Hedging Bets Via Contingent Workers
This article is from the archive of The New York Sun before the launch of its new website in 2022. The Sun has neither altered nor updated such articles but will seek to correct any errors, mis-categorizations or other problems introduced during transfer.
Matthew Marlott should have been thrilled to land a $40,000 paralegal job with a major New York financial-services firm in April. After all, he had been unemployed for more than six months.
The catch: He received no health insurance, sick days, vacation, or job security. “It’s basically like you’re a disposable worker,” the 26-year-old Mr. Marlott said.
Companies in white-collar industries such as technology, media, and public relations are hedging their bets on the still-fragile recovery by hiring “contingent” workers like Mr. Marlott. These individuals typically work full-time for months for a single employer, collecting hourly wages – but no benefits – from an outside staffing agency.
Companies enjoy lower costs and the flexibility of easy layoffs. Indeed, at any given time, people in such “nonstandard” work arrangements are nearly twice as likely to be unemployed one month later than traditional full-time workers, concludes an October 2003 report by the Economic Policy Institute, a Washington research organization.
Yet contingent jobs make sense in some circumstances. Technology worker Matthew Jacobs, 26, took one this year with a New York technology company after a year of unemployment. “I was anxious to get back to work,” he said. “Benefits are not critical.” He can get health-insurance coverage through his new employer by contributing part of his pay.
Certain contingent employees like the freedom of trying out a new workplace. Public relations executive Aimee Grove was working from her Sausalito, Calif., home for her father’s public relations firm last year when she accepted a two-month position with Allison & Partners, a San Francisco p.r. agency.
“I have a hard time making decisions,” she explained. “I needed the two-month psychological cushion.”

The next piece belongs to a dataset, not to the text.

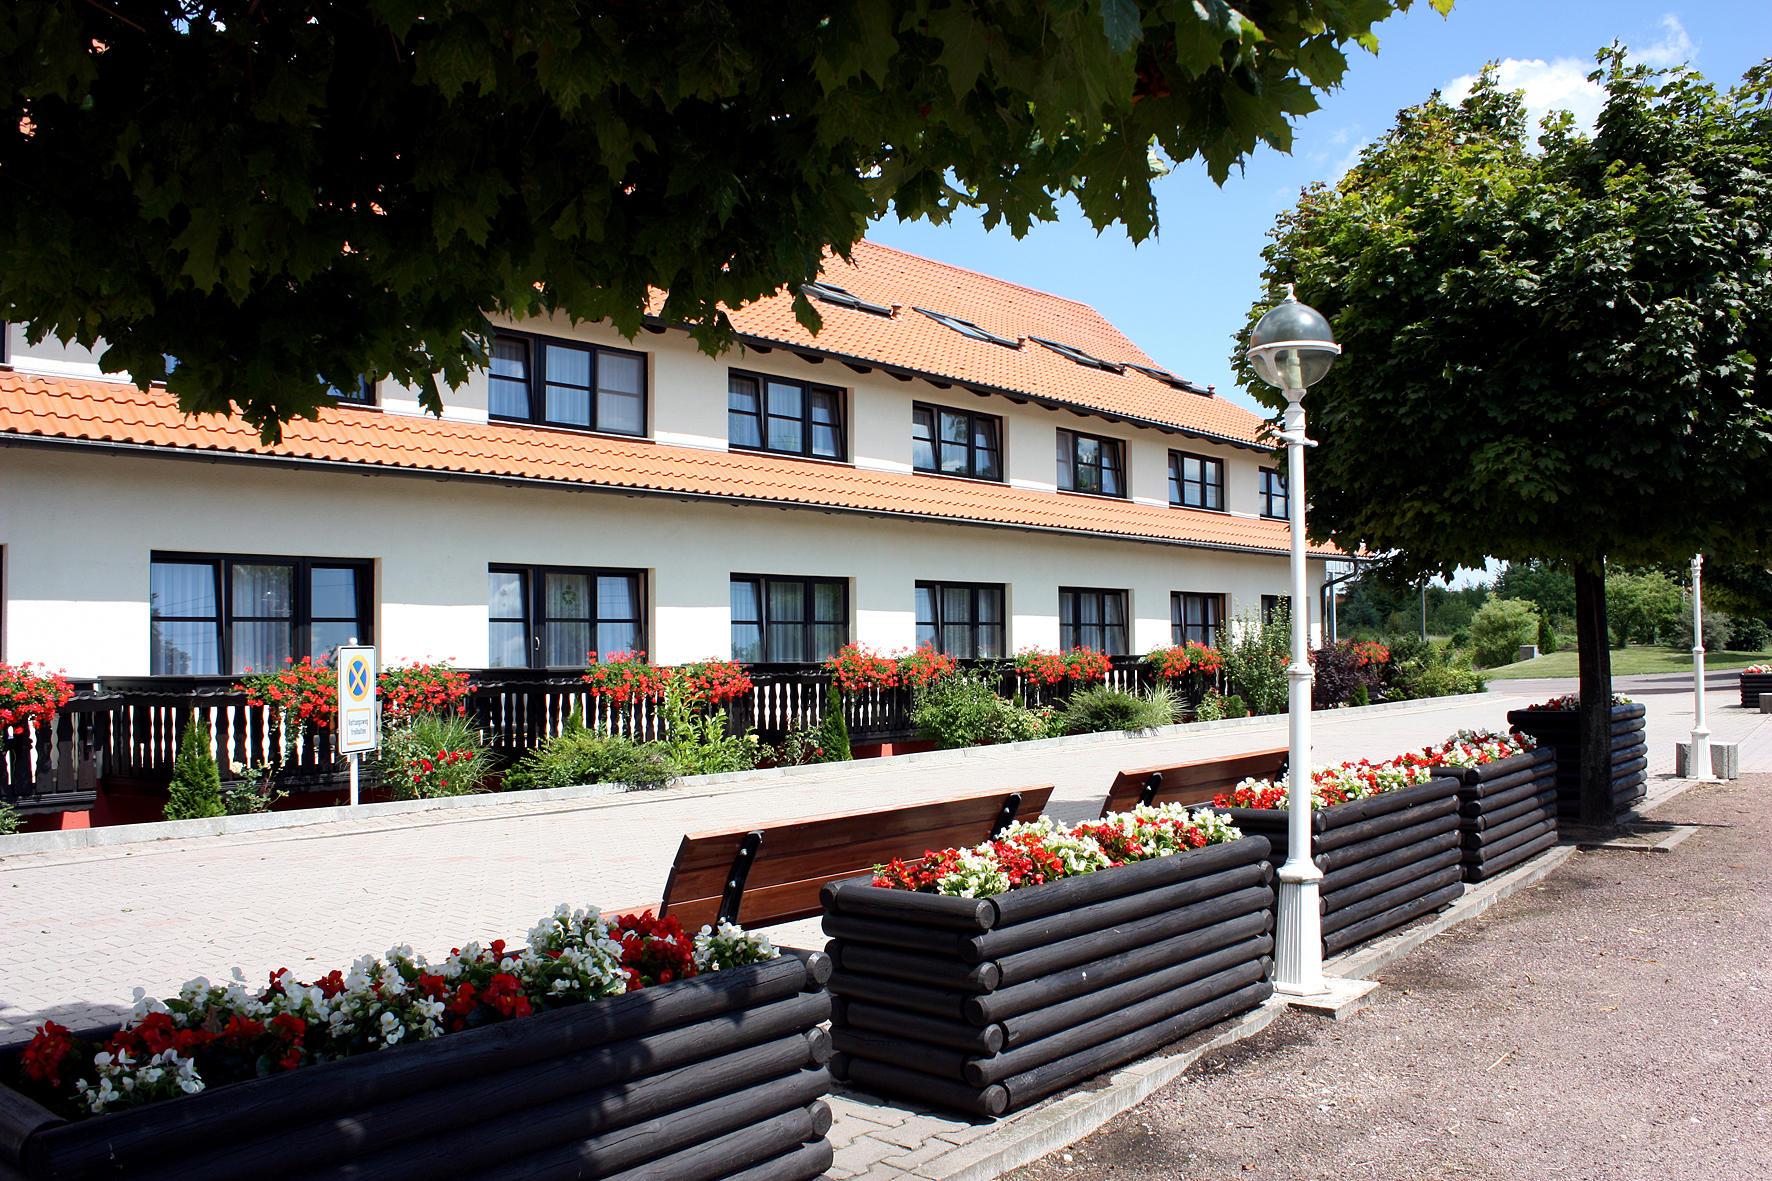 Alten- und Pflegeheim Bürgergarten

Ms. Grove, 35, received a flat weekly fee with no benefits for working about 40 hours a week. After she completed her stint in April 2003, the firm hired her permanently. She now is an account director, managing its travel and tourism clients. Her compensation rose more than 10%, including benefits, although she works longer hours.
Contingent workers angling for permanent status should take on extra work and project an aura of unbridled enthusiasm – even if that means faking it. “I would go in there all smiles and then walk out and say, ‘I hate this,'” recalls a customer-service worker, describing a contingent position she held for four months at a Mountain View, Calif., Internet company before she was hired permanently in March.
Brad Karsh, president of JobBound, a Chicago employment-coaching service, recommends that individuals keep job hunting after they take a contingent position. “It’s exactly like dating,” he said. “You don’t want to be loyal if they’re not going to be loyal to you.”
And they aren’t. Last month, Mr. Marlott’s employer decided to reshuffle his department and eliminate his spot. “I’m just a cog in the system,” he lamented. “It hurts, because I liked my job.”